How, exactly, do cannabis shop workers come up with product recommendations to customers?
That question was the basis of a study published Wednesday in JAMA Network Open. University of Pittsburgh researchers led a team of mostly clinicians that conducted a national cross-sectional survey of people who worked at a cannabis shop that sold cannabis that contained THC, and who talked to customers about their purchases. The survey of 434 respondents from 351 “unique” cannabis shops was conducted between February and October 2020, and specifically asked those who participated about their approaches to “formulating customer recommendations and talking to customers about risks.”
Most of the people who answered the survey were budtenders (40%), followed by “managers” (32%), and then “pharmacists,” which accounted for just 13% of respondents.
And, more surveys came from New York, Oregon, California, and Florida than from other regions, and researchers noted that roughly one-third of responses “were from states in which adult use is legal.”
Results showed that 74% of respondents said they made their recommendations to customers based on the buyer’s “medical condition,” while 70% said they were based on other customers’ experiences, and 63% reported they were based on “the customer’s prior experience with cannabis.” Finally, researchers noted, only 40% of respondents said it came down to “clinician input.”
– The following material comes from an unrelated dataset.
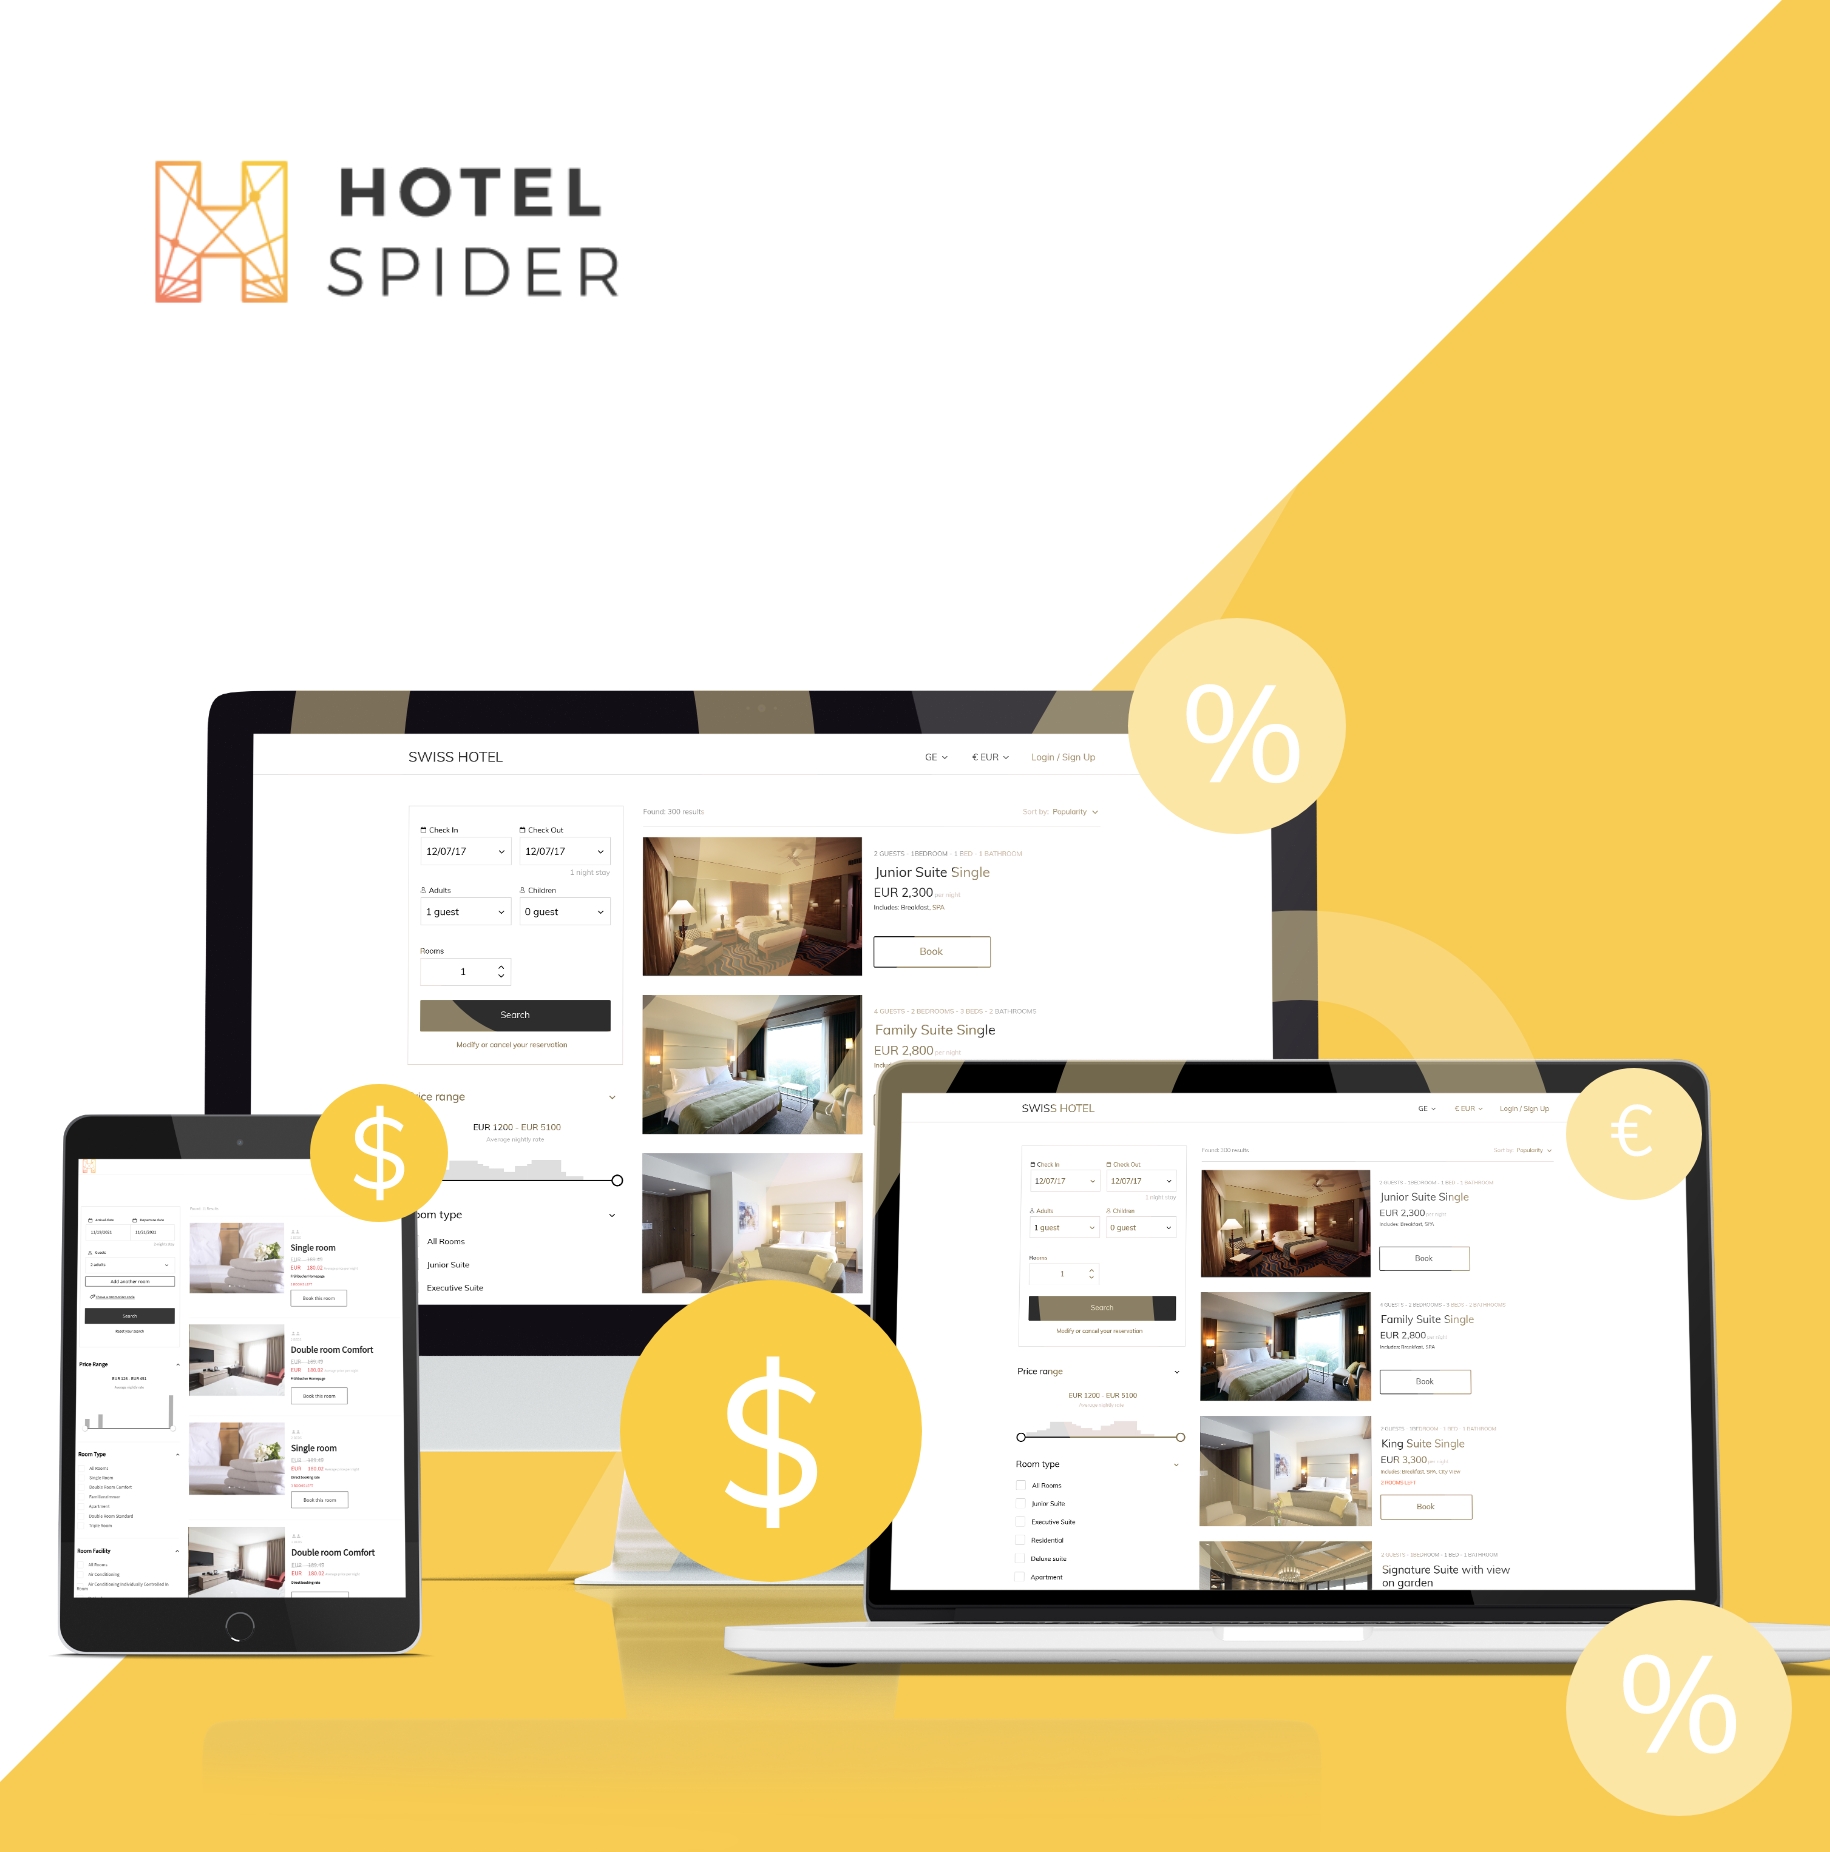 TN-Hotel-spider-booking-engine.jpg

“Most respondents routinely advised customers about safe storage and common adverse effects, but few counseled customers about cannabis use disorder, withdrawal, motor vehicle collision risk, or psychotic reactions,” researchers highlighted.
This is what most surprised Jessica Merlin, lead researcher and associate professor of medicine at the University of Pittsburgh.
“The thing that really struck me about this is that dispensaries really operate in a different paradigm than what we’re used to as a medical paradigm,” Merlin said. “In the medical paradigm, we always think about, with any therapy, both the benefits and the potential risks or harms. And so I think what really stood out to me is that I want my patients to know about the potential harms of cannabis so that they can be really informed consumers and use the product safely as possible. I cannot expect that to happen at a dispensary.”
What prompted this research?
“We know that we actually don’t know what goes on in the dispensary. And, it occurs to us that the role that oftentimes we play as physicians when we, for example, prescribe medication, is now being filled by somebody with a training background and a role that we’re just unfamiliar with,” Merlin told Cannabis Wire.
Recruitment for the study was far from straightforward, as researchers first wanted to reach employees at cannabis shops by phone, using a script that asked managers to distribute the survey to “frontline staff.”
“We found that dispensary managers were often difficult to reach, and managers and higher-level administrators expressed concern about the potentially proprietary nature of the information we wished to gather (eg, dispensary practices) and our intentions regarding speaking directly to staff (eg, poaching staff for opening of new dispensaries),” researchers noted. “This recruitment method led to few completed surveys.”
Researchers then “purchased” a list of nearly 5,000 U.S. dispensaries from a “marketing company,” and then filled in the gaps through listings on Weedmaps, for example. Merlin said researchers did not verify whether the shops were licensed through the state because “when people go out into the world,” to obtain cannabis, “they can go anywhere,” licensed or unlicensed storefronts.
This study was funded through “internal funds” within the University of Pittsburgh.